What this task involves: Output all of the data exactly as it appears, but leave out any pictures it contains.

Available data:

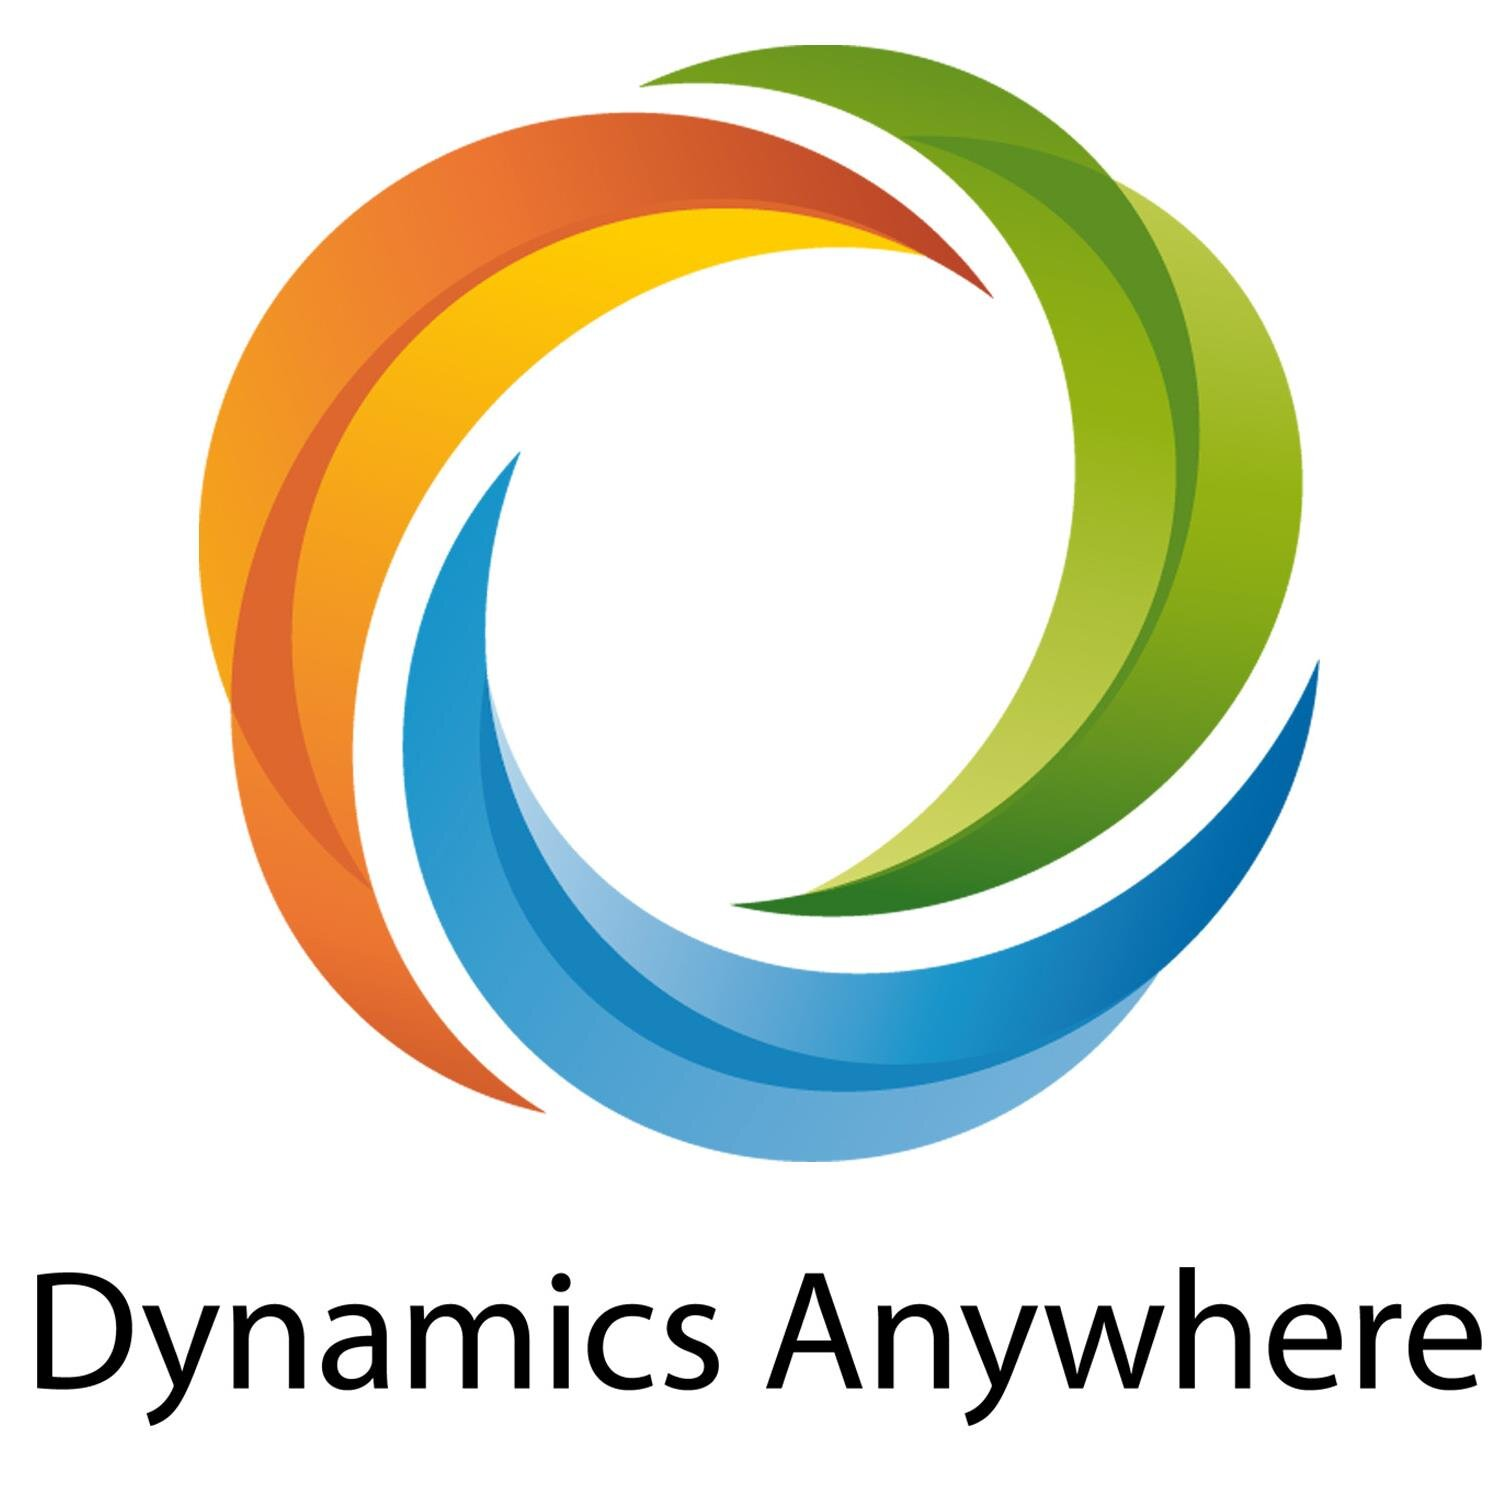 Dynamics Anywhere
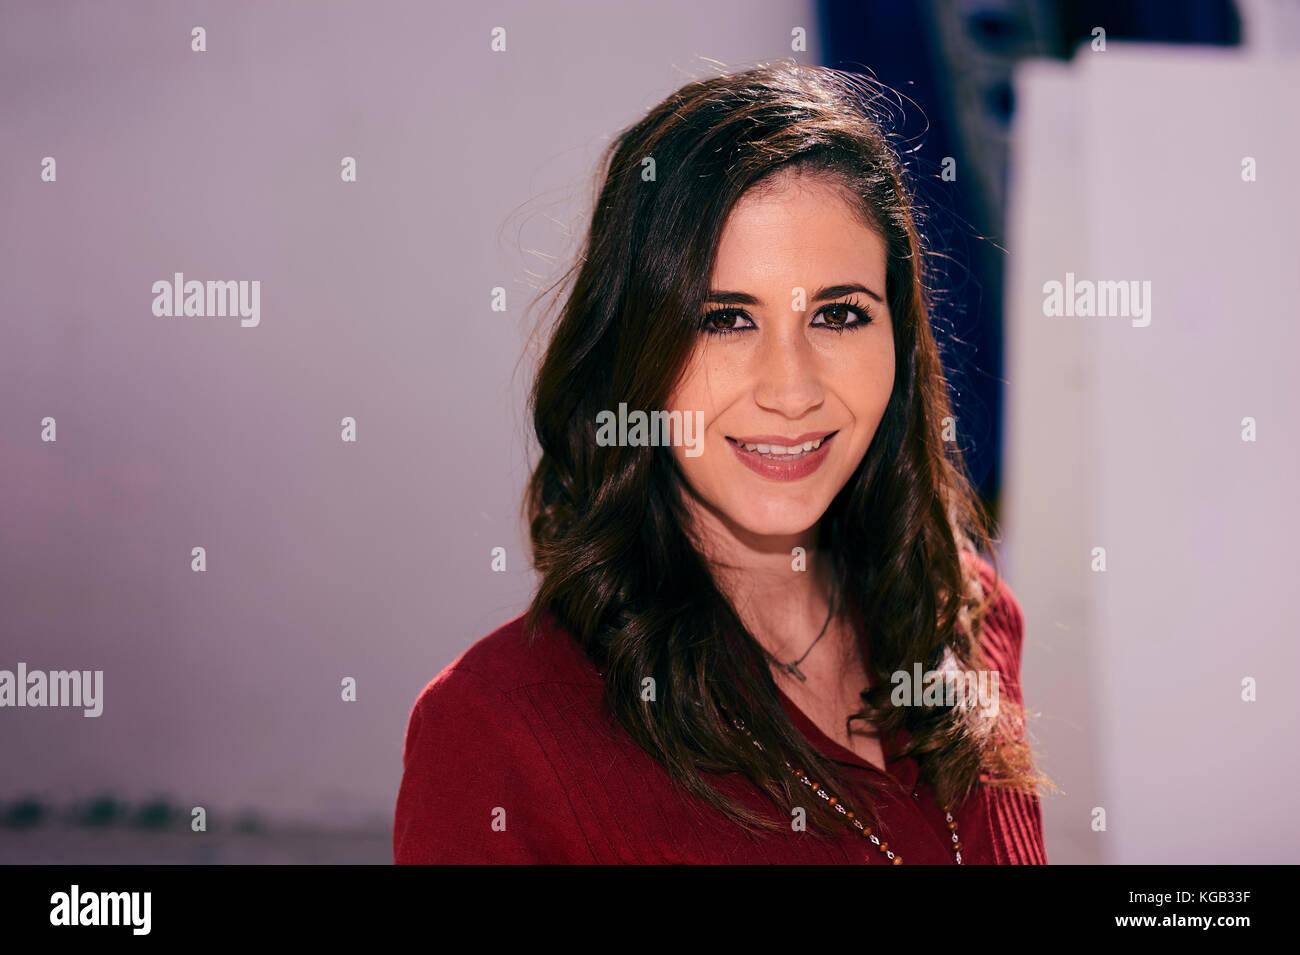 Jeune woman smiling Photo Stock
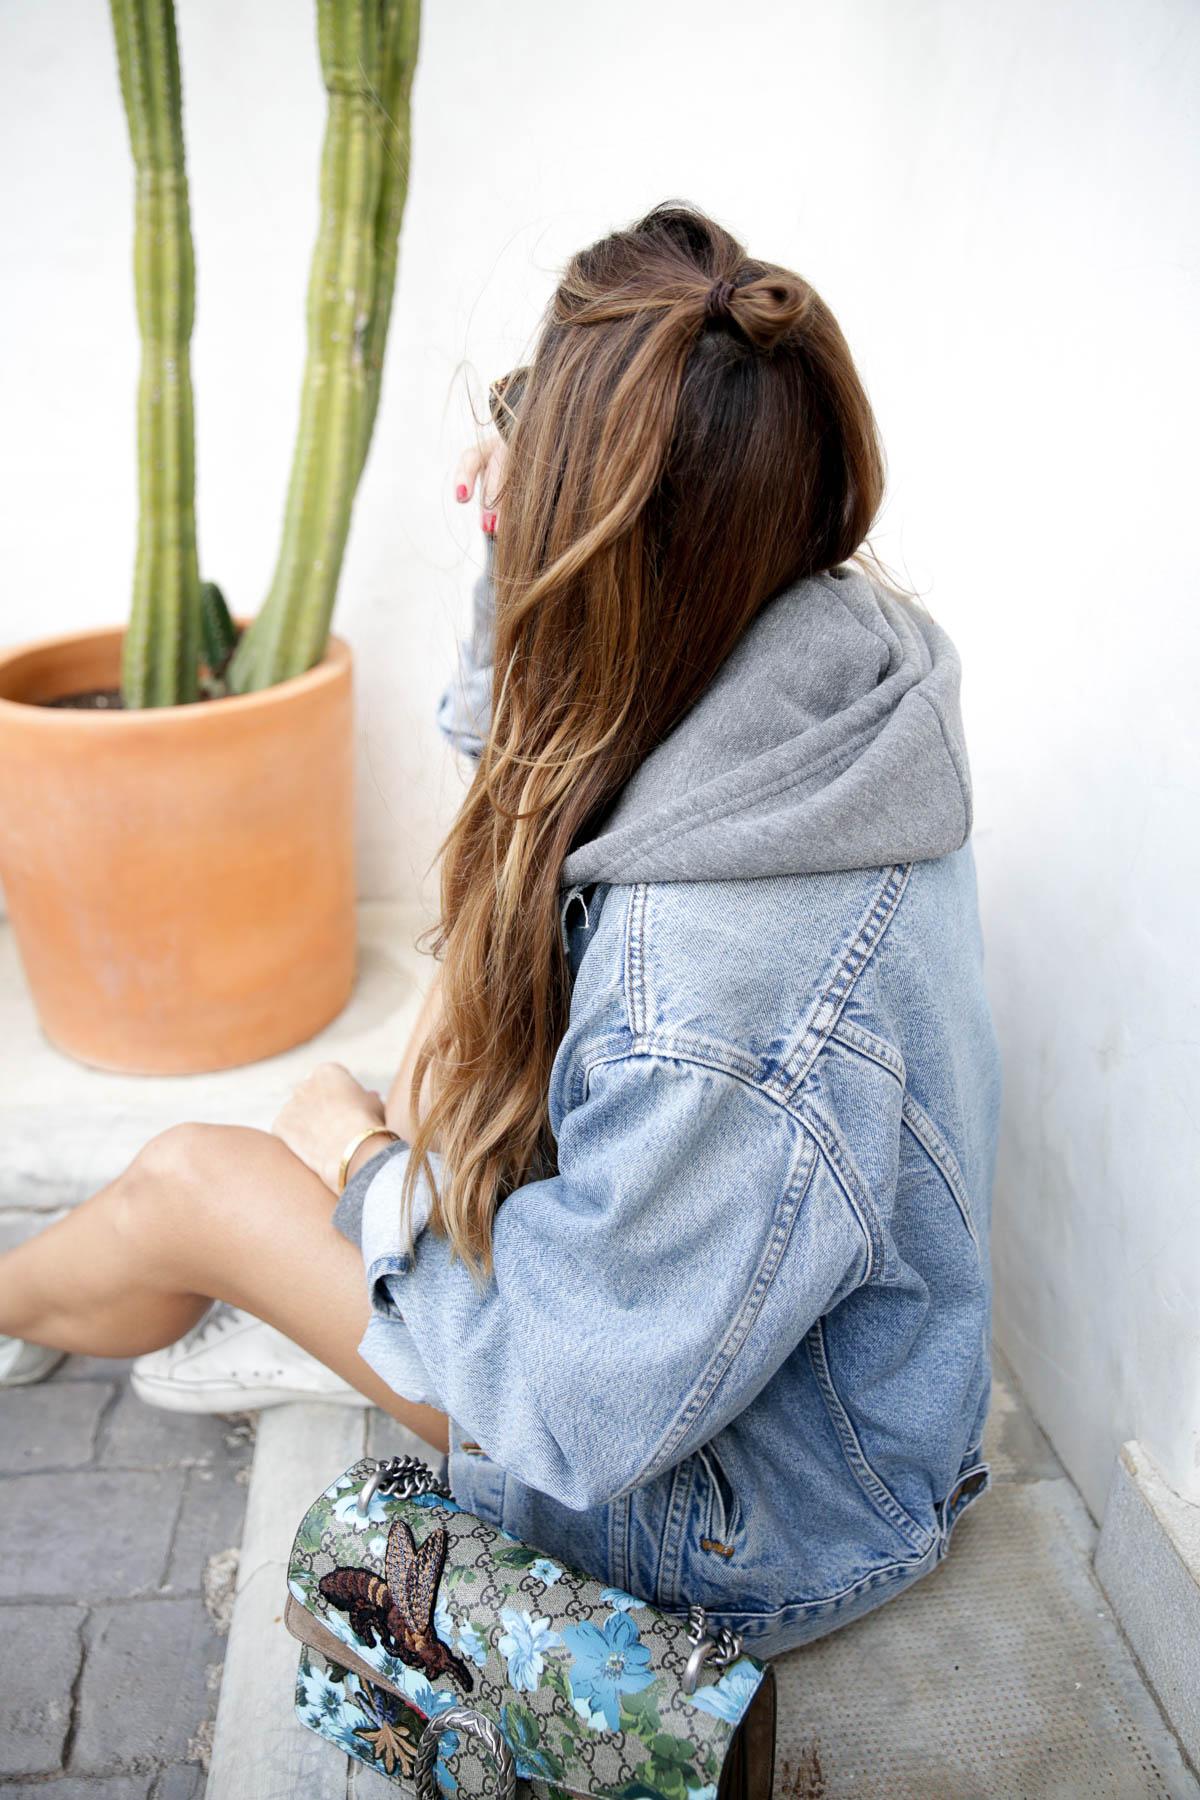 black-friday-a-bicyclette-sweatshirt-hoodie-all-star-leather-piel-cuero-celine-bag-bolso-mini-skirt-falda-streetstyle-look-bartabac-outfit-moda-blogger-30

Solved exercise:
 Dynamics Anywhere
 Jeune woman smiling Photo Stock
 black-friday-a-bicyclette-sweatshirt-hoodie-all-star-leather-piel-cuero-celine-bag-bolso-mini-skirt-falda-streetstyle-look-bartabac-outfit-moda-blogger-30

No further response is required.